The old nurse looked calm enough at one or two of his first visits, but the next morning her face showed that something had been going wrong. "Well, what has been the trouble, Nurse?" the Doctor said, as soon as he could get her out of the room.

"She's been attackted, Doctor, sence you been here, dreadful. It's them high stirricks, Doctor, 'n' I never see 'em higher, nor more of 'em. Laughin' as ef she would bust. Cryin' as ef she'd lost all her friends, 'n' was a follerin' their corpse to their graves. And spassums,--sech spassums! And ketchin' at her throat, 'n' sayin' there was a great ball a risin' into it from her stommick. One time she had a kind o' lockjaw like.
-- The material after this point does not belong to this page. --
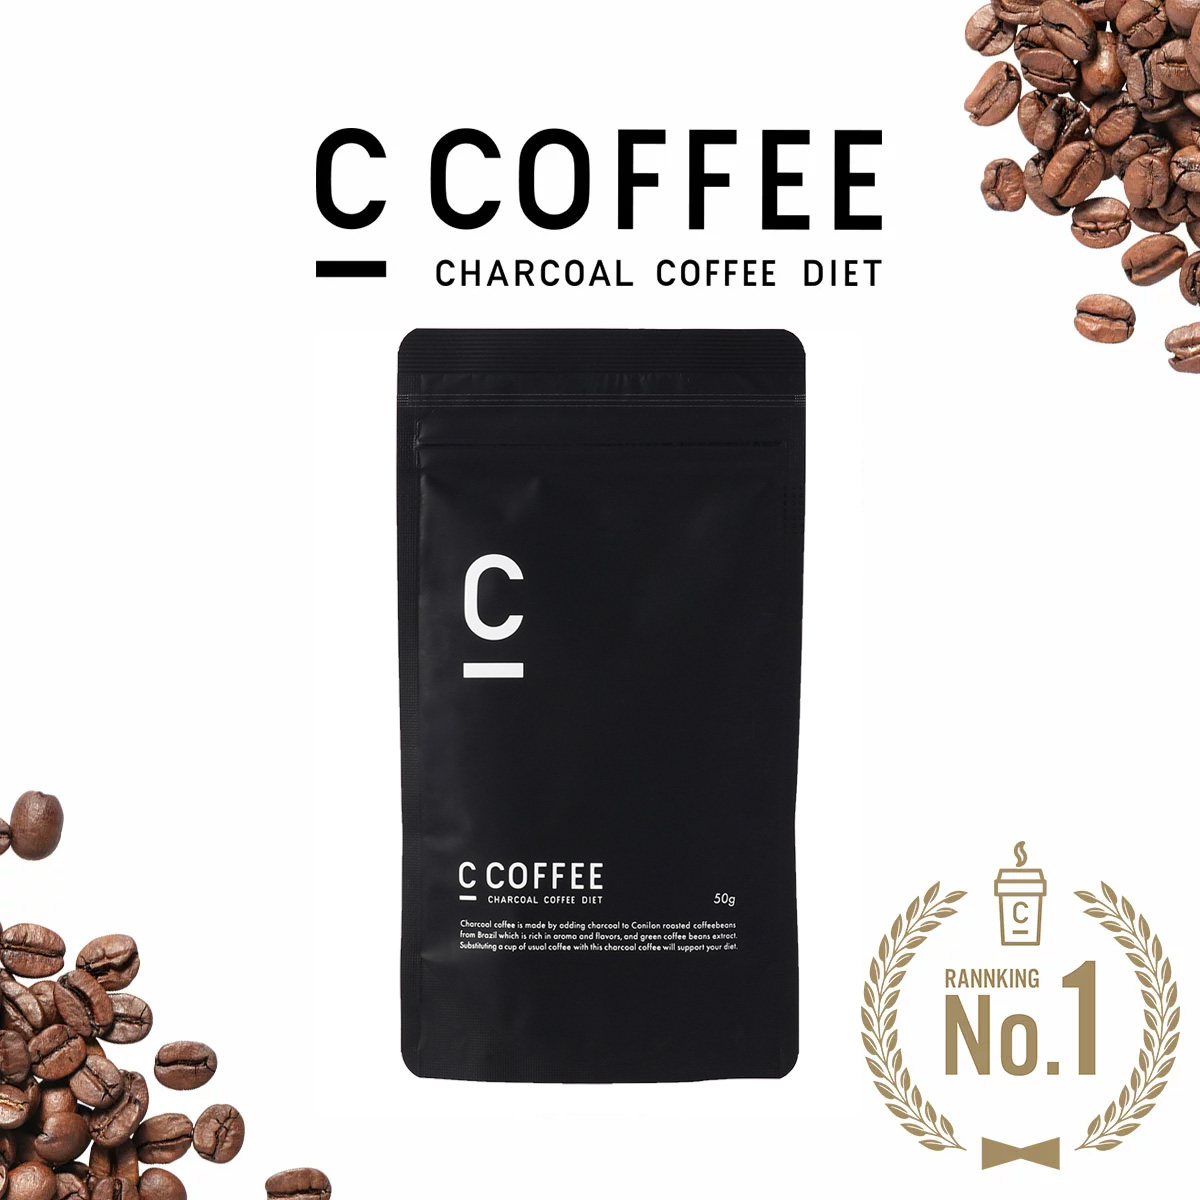 【公式】C COFFEE シーコーヒー ハーフサイズ 50g ダイエットコーヒー チャコールクレンズ MCTオイル ダイエット  コーヒー チャコールコーヒー 人気 ccoffee ダイエット飲料 炭コーヒー プレゼント MEJの通販

And one time she stretched herself out 'n' laid jest as stiff as ef she was dead. And she says now that her head feels as ef a nail had been driv' into it,--into the left temple, she says, and that's what makes her look so distressed now."The Doctor came once more to her bedside. He saw that her forehead was contracted, and that she was evidently suffering from severe pain somewhere.

"Where is your uneasiness, Myrtle? " he asked.

She moved her hand very slowly, and pressed it on her left temple.